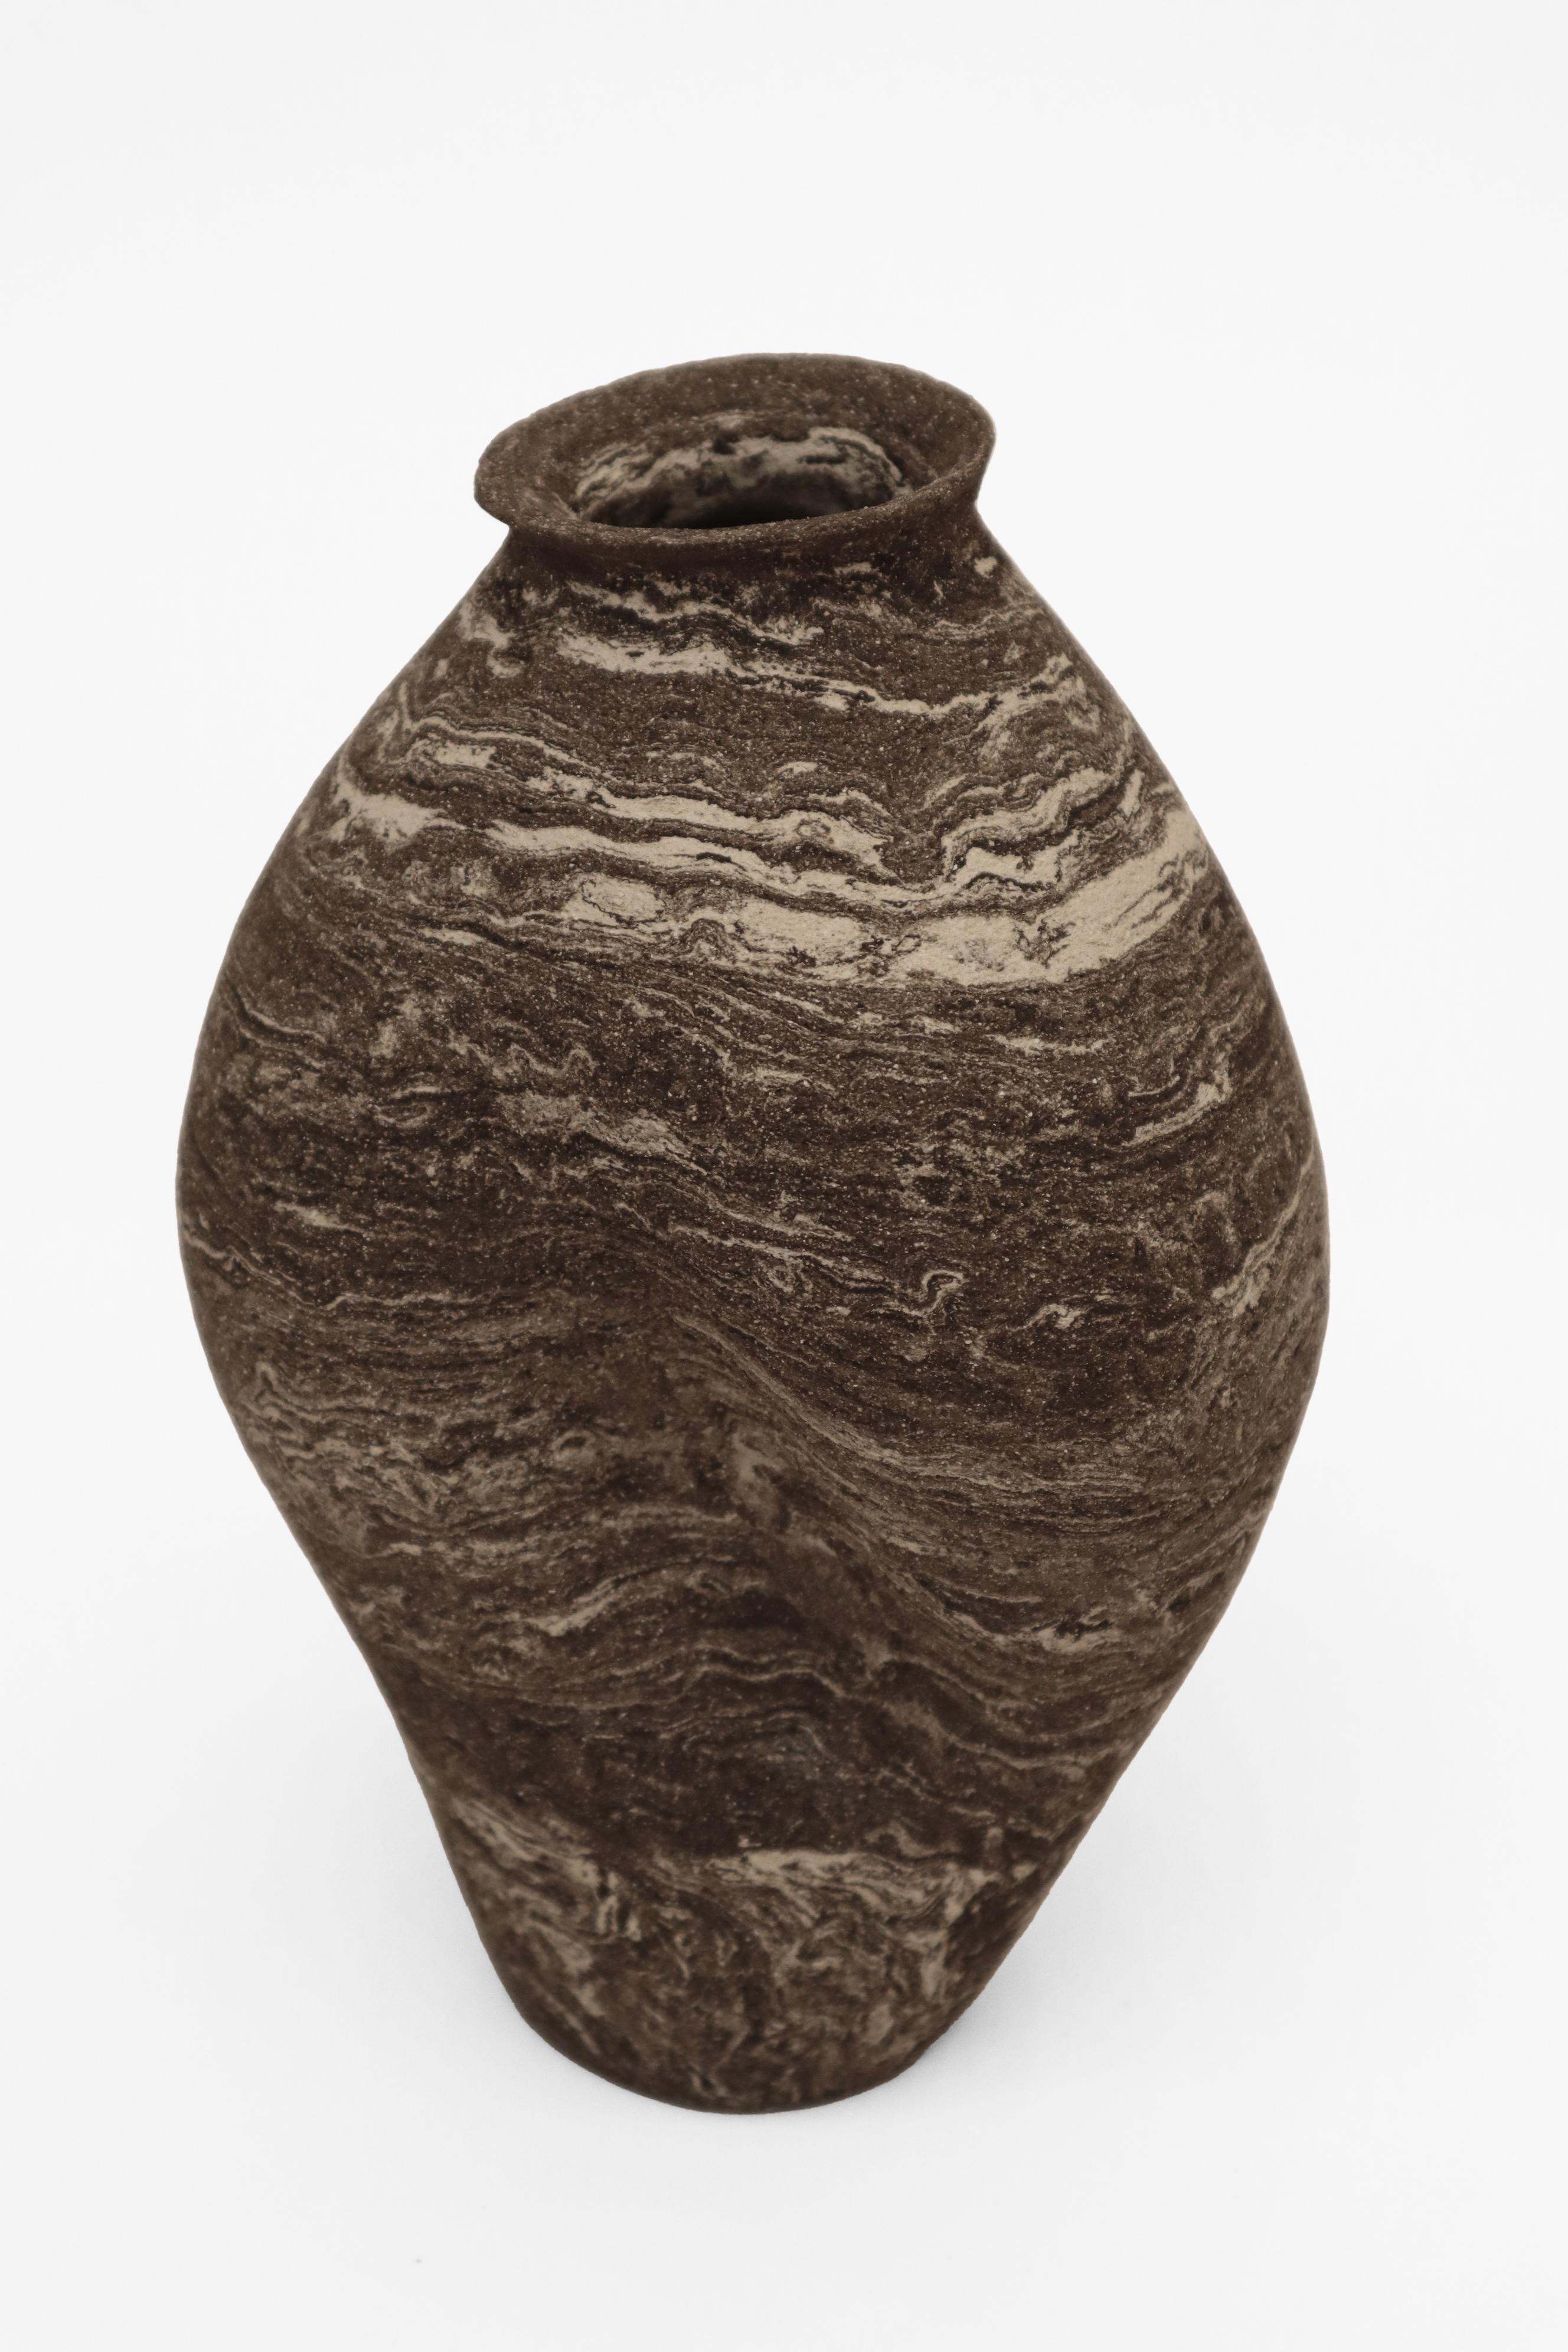 Stomata 1 vase by Anna Karountzou
Dimensions: W 11 x D 10.5 x H 24 cm
Materials: mixed black and white stoneware clay, clear glaze inside, fired at 1240

Born and based in Athens, Greece, with a background in conservation of works of art and
┄┄┄┄┄┄┄┄┄┄
Task brief ->
Set down, exactly and without anything extra, every line from the one that contains "Dimensions: W 11 x D 10.5 x H 24 cm" through the final line of the material.

Task solution ->
Dimensions: W 11 x D 10.5 x H 24 cm
Materials: mixed black and white stoneware clay, clear glaze inside, fired at 1240

Born and based in Athens, Greece, with a background in conservation of works of art and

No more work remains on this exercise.